Stored records:
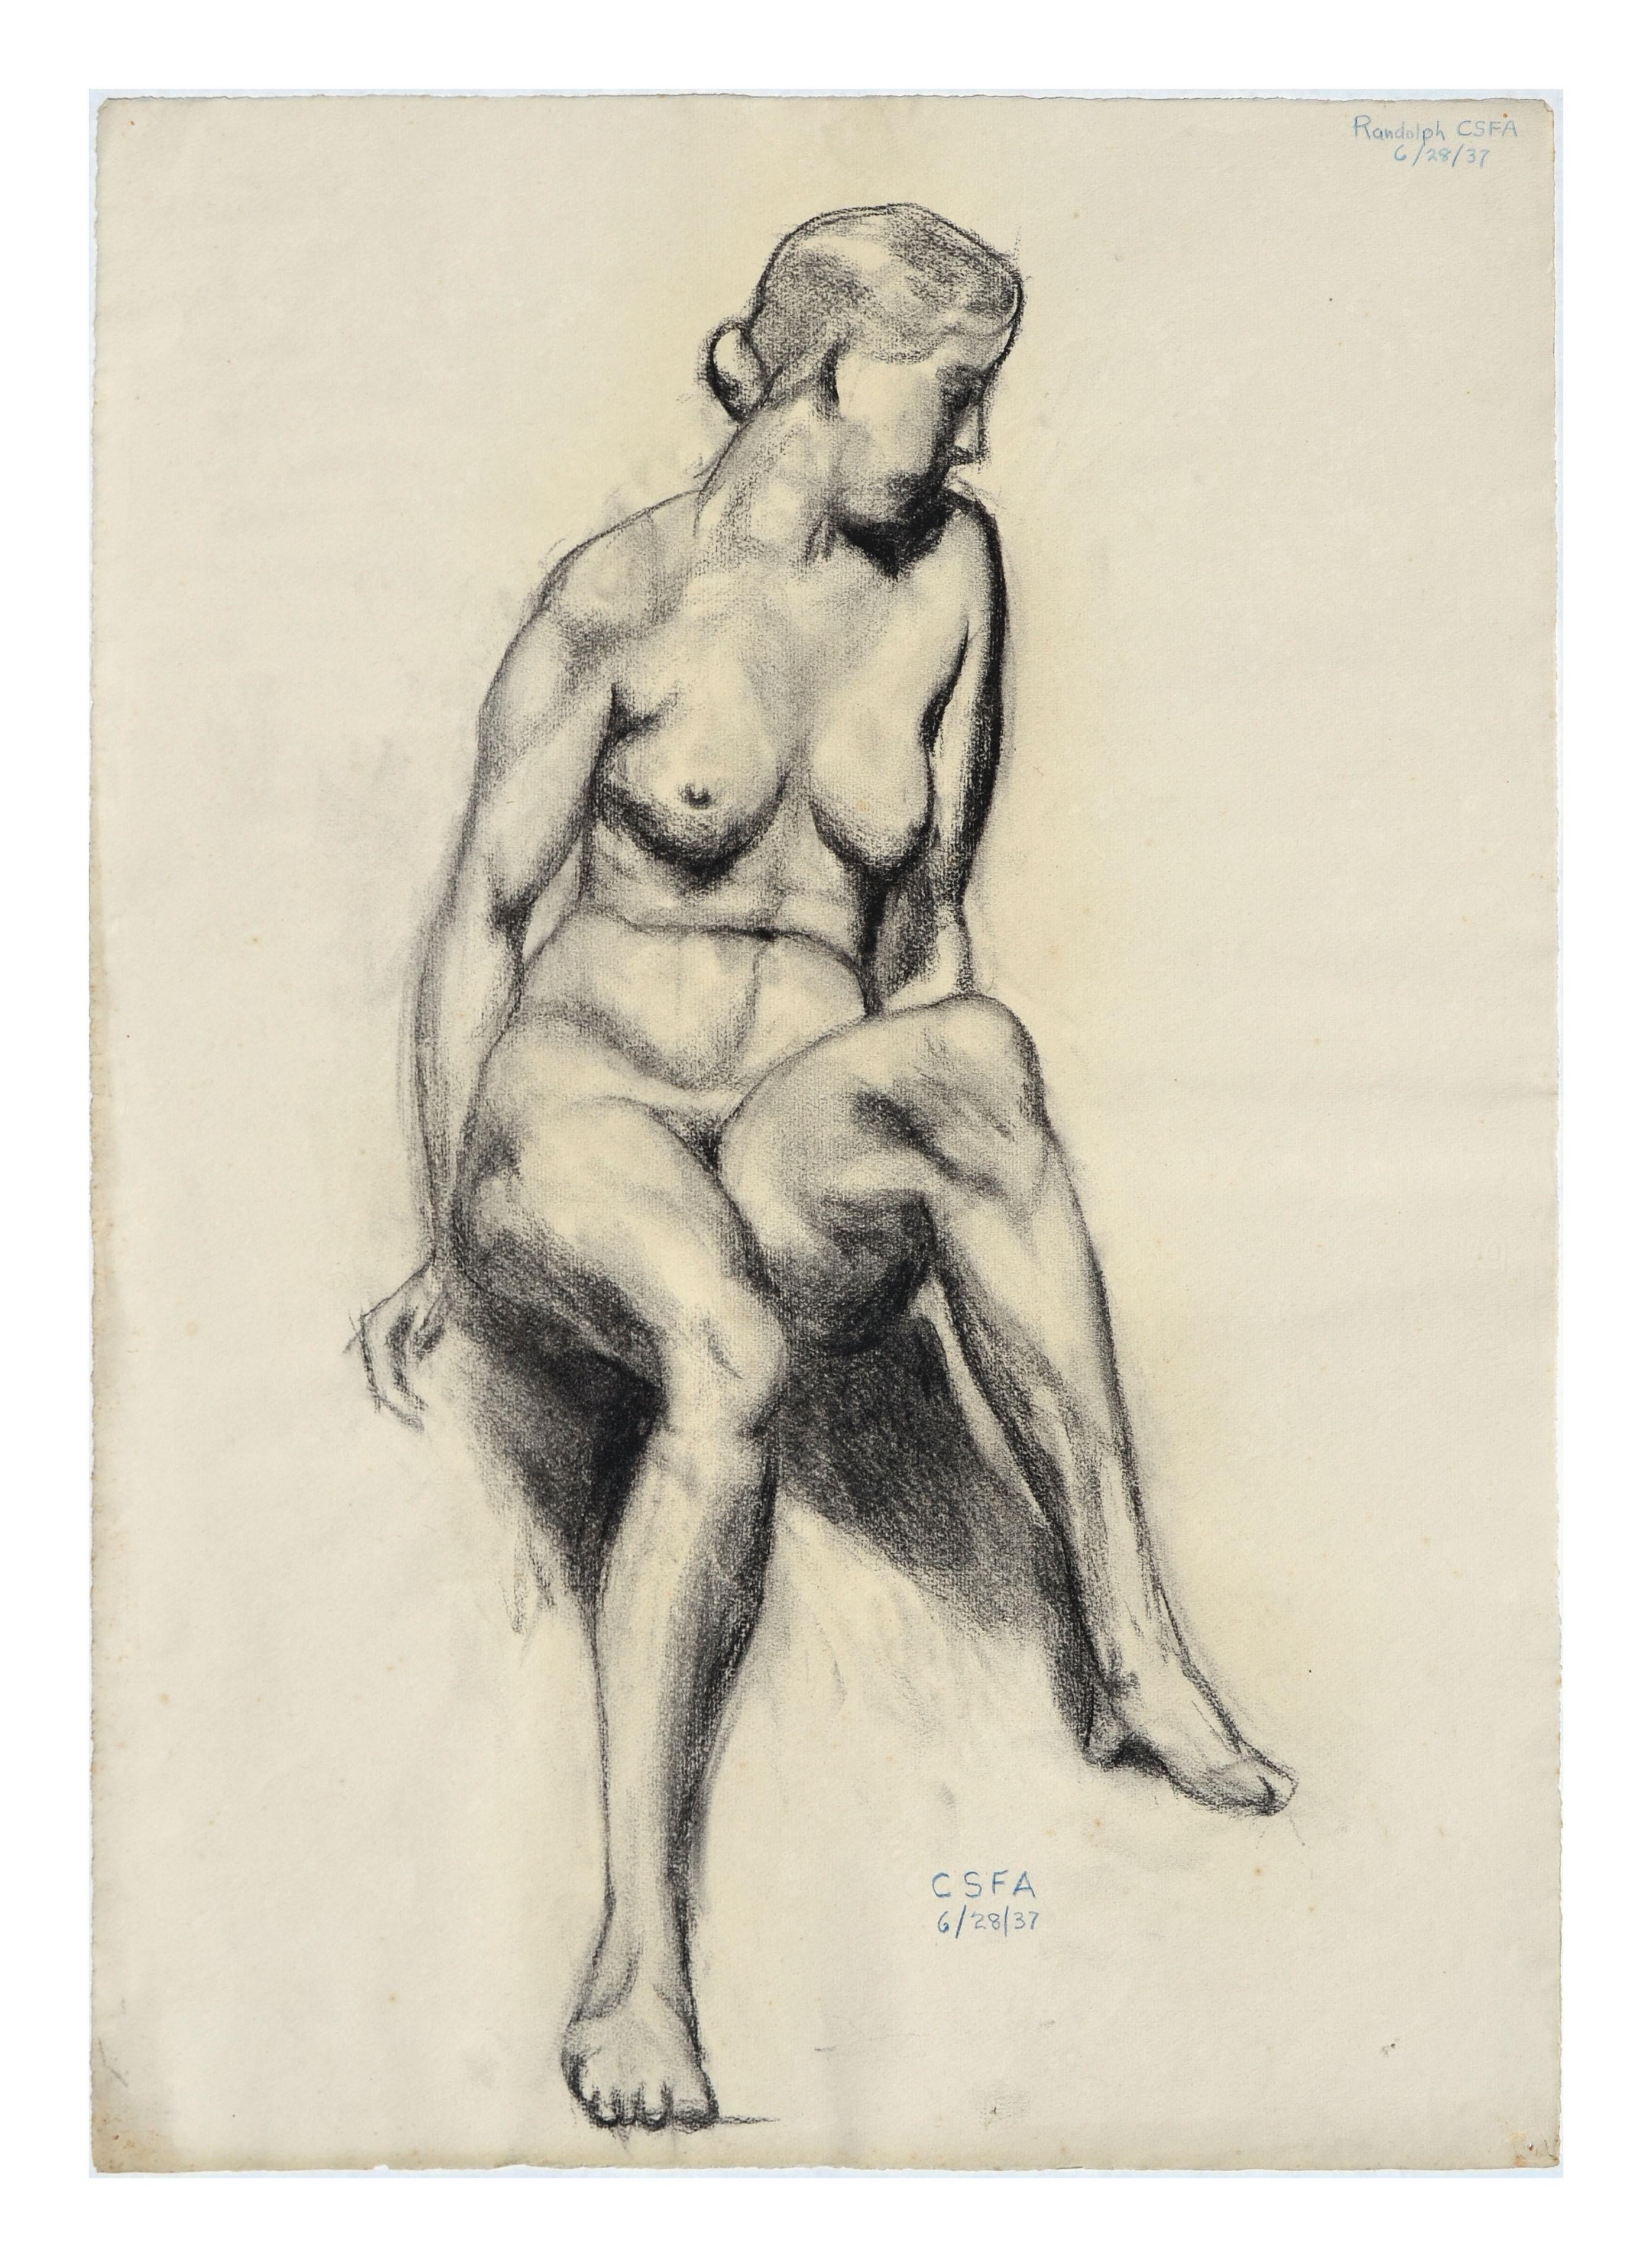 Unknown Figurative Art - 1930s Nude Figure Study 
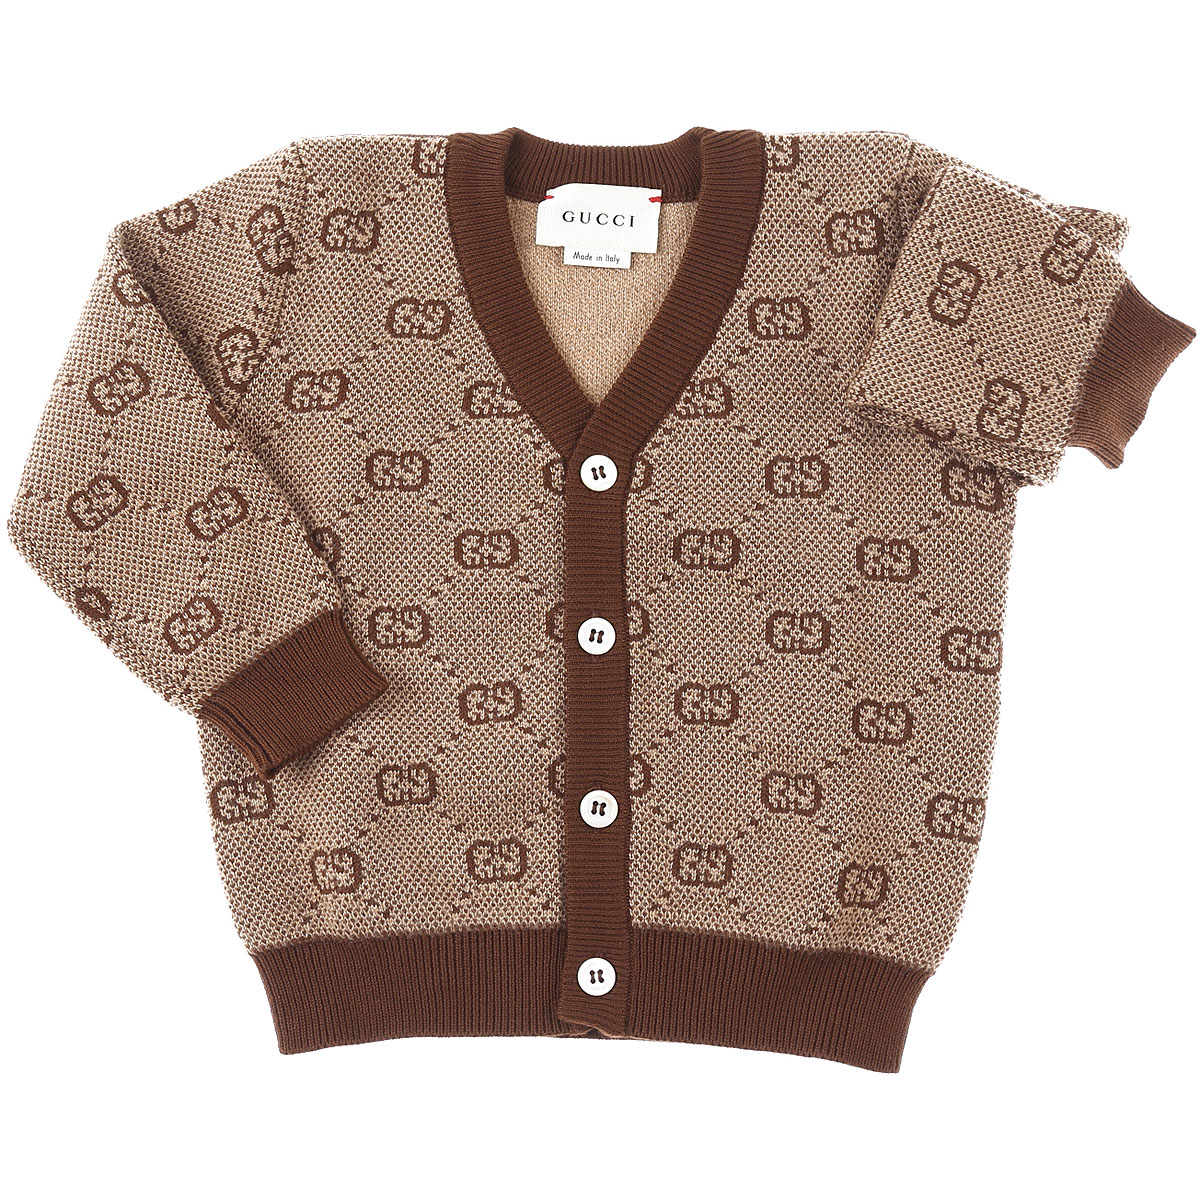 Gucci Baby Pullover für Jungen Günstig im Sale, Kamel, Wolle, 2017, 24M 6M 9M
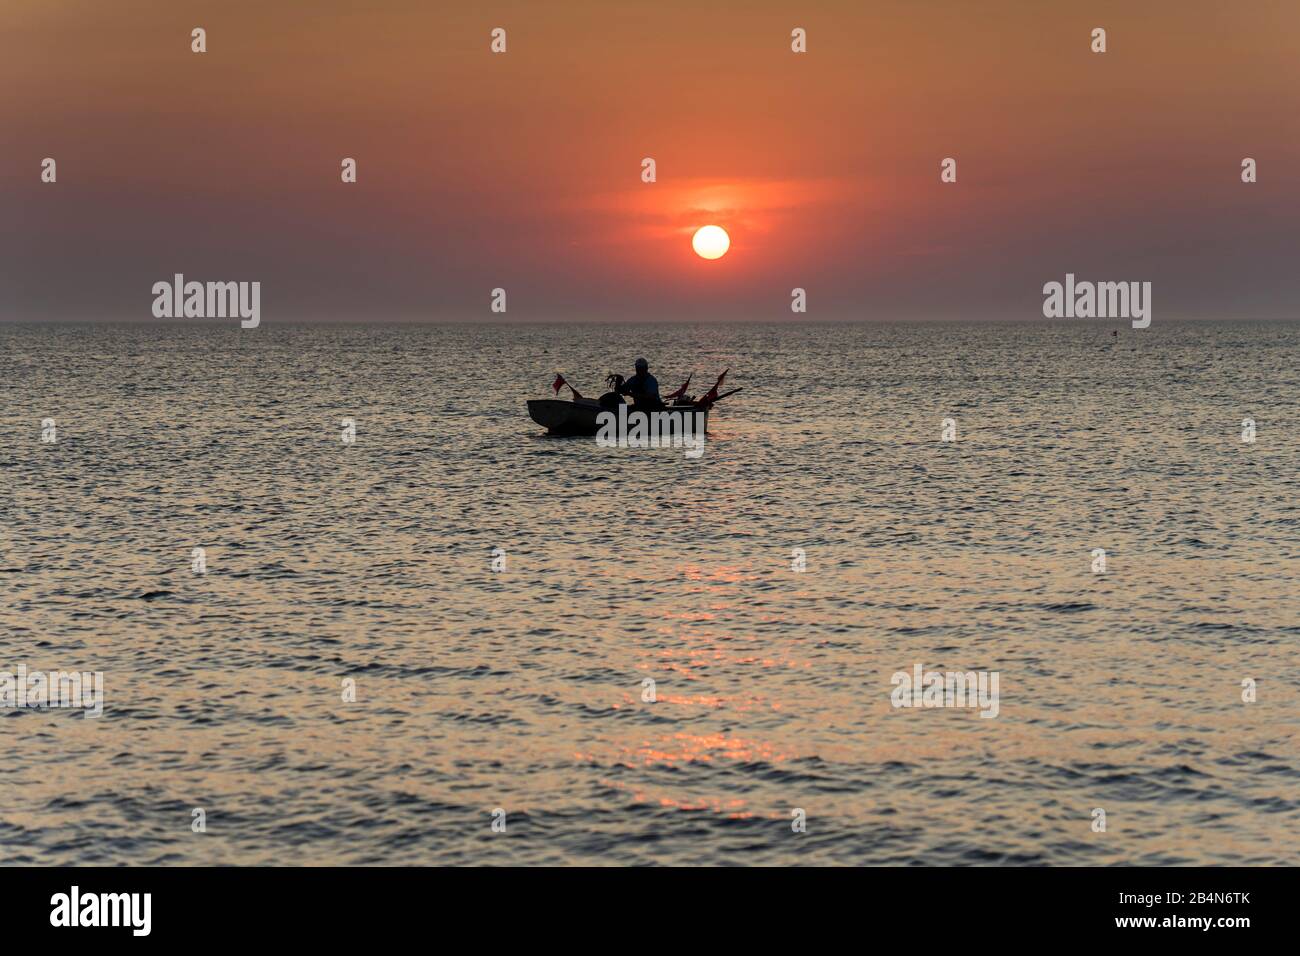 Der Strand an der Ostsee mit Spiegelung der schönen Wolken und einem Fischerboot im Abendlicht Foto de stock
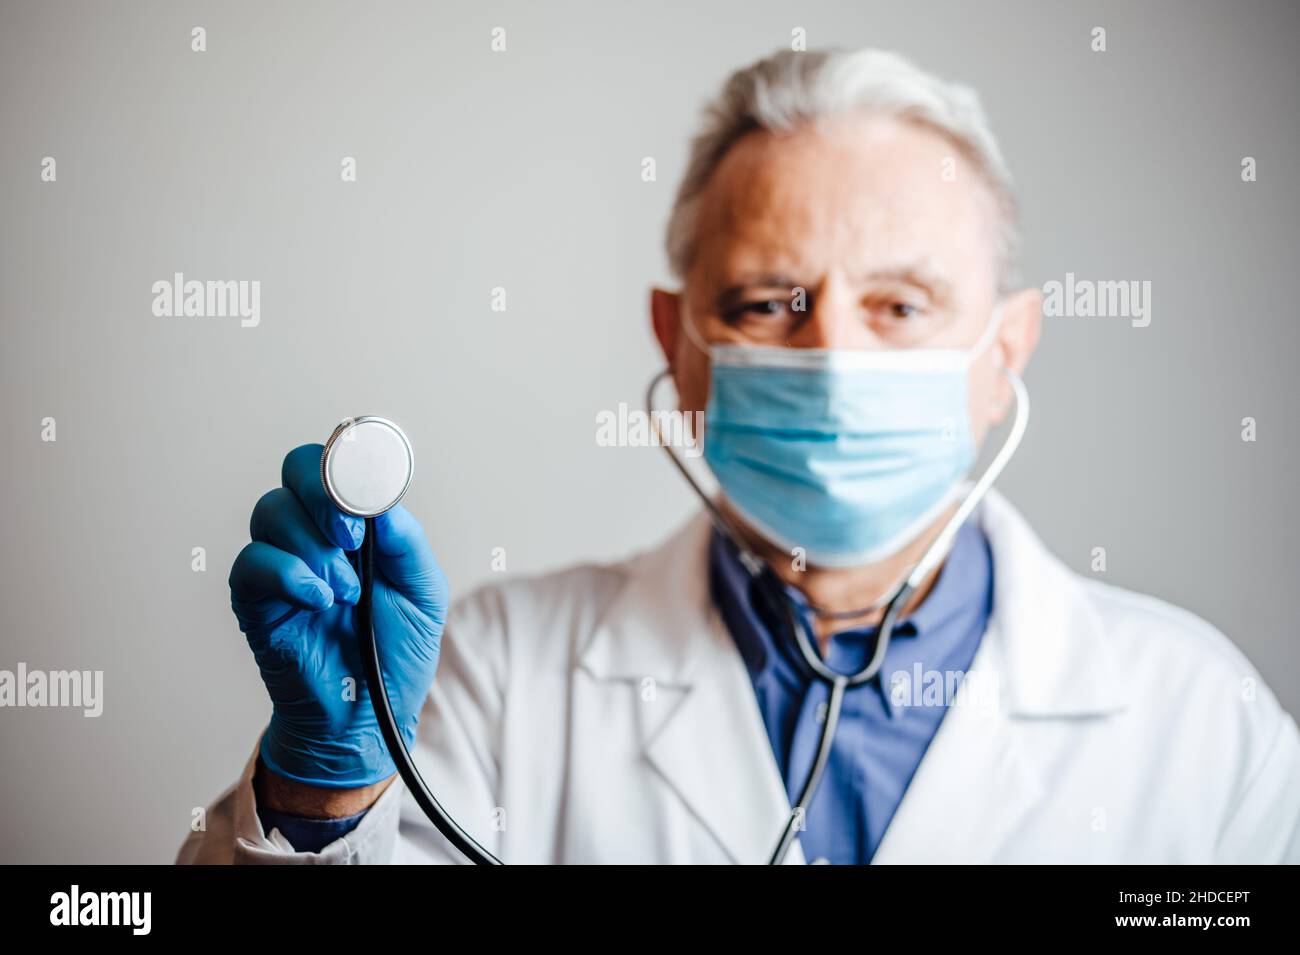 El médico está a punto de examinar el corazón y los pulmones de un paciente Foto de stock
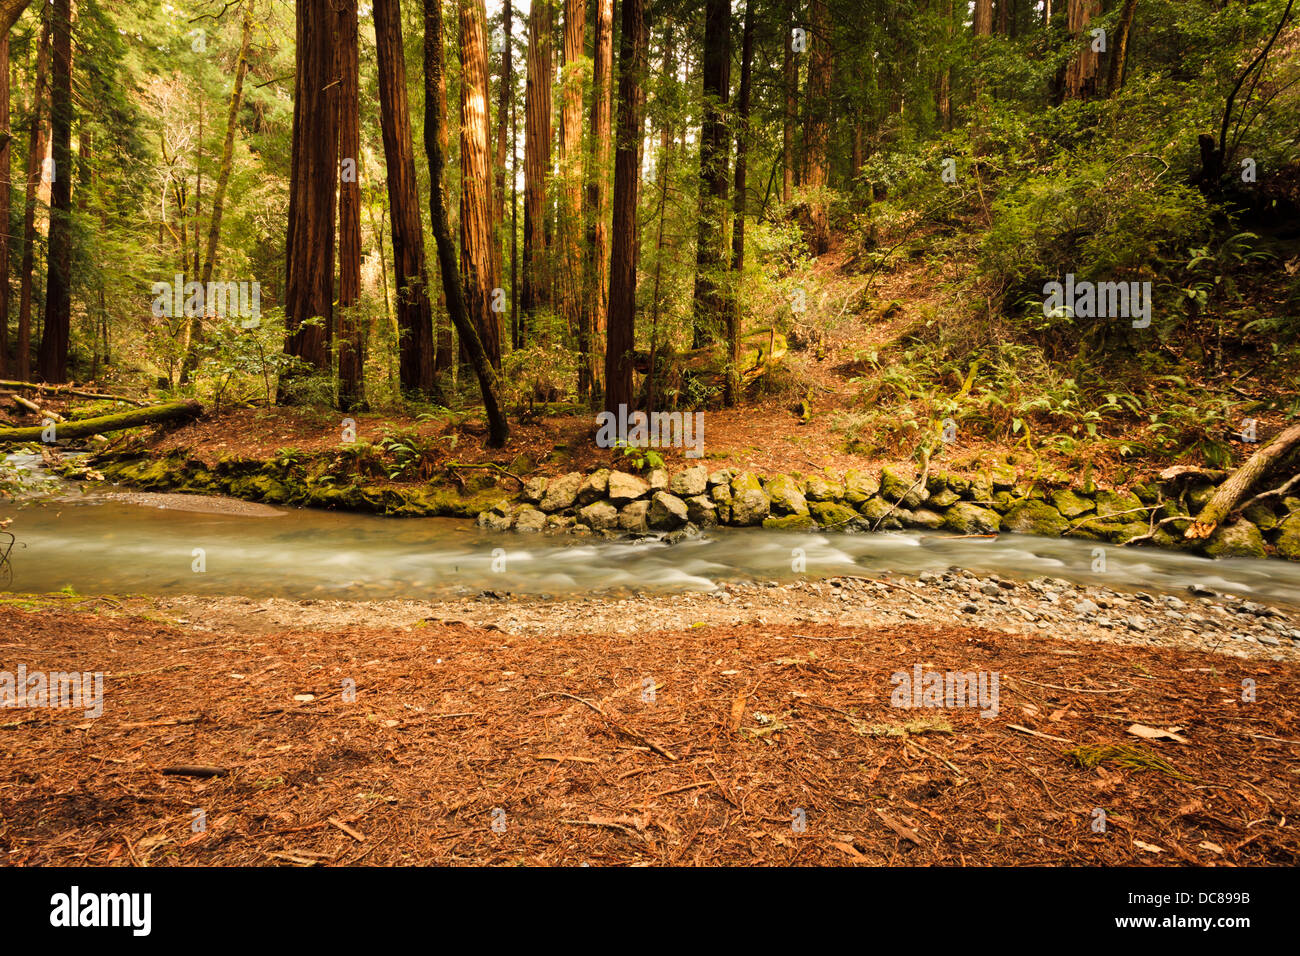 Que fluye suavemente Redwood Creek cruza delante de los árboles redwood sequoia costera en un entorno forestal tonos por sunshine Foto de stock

### WHAT NEEDS TO BE DONE
Quote, word for word and nothing more, every line from the line with "Gucci Baby Pullover" to the end of the entries, including both ends; skip any pictures.

### SOLVED PROBLEM
 Gucci Baby Pullover für Jungen Günstig im Sale, Kamel, Wolle, 2017, 24M 6M 9M
 Der Strand an der Ostsee mit Spiegelung der schönen Wolken und einem Fischerboot im Abendlicht Foto de stock
 El médico está a punto de examinar el corazón y los pulmones de un paciente Foto de stock
 Que fluye suavemente Redwood Creek cruza delante de los árboles redwood sequoia costera en un entorno forestal tonos por sunshine Foto de stock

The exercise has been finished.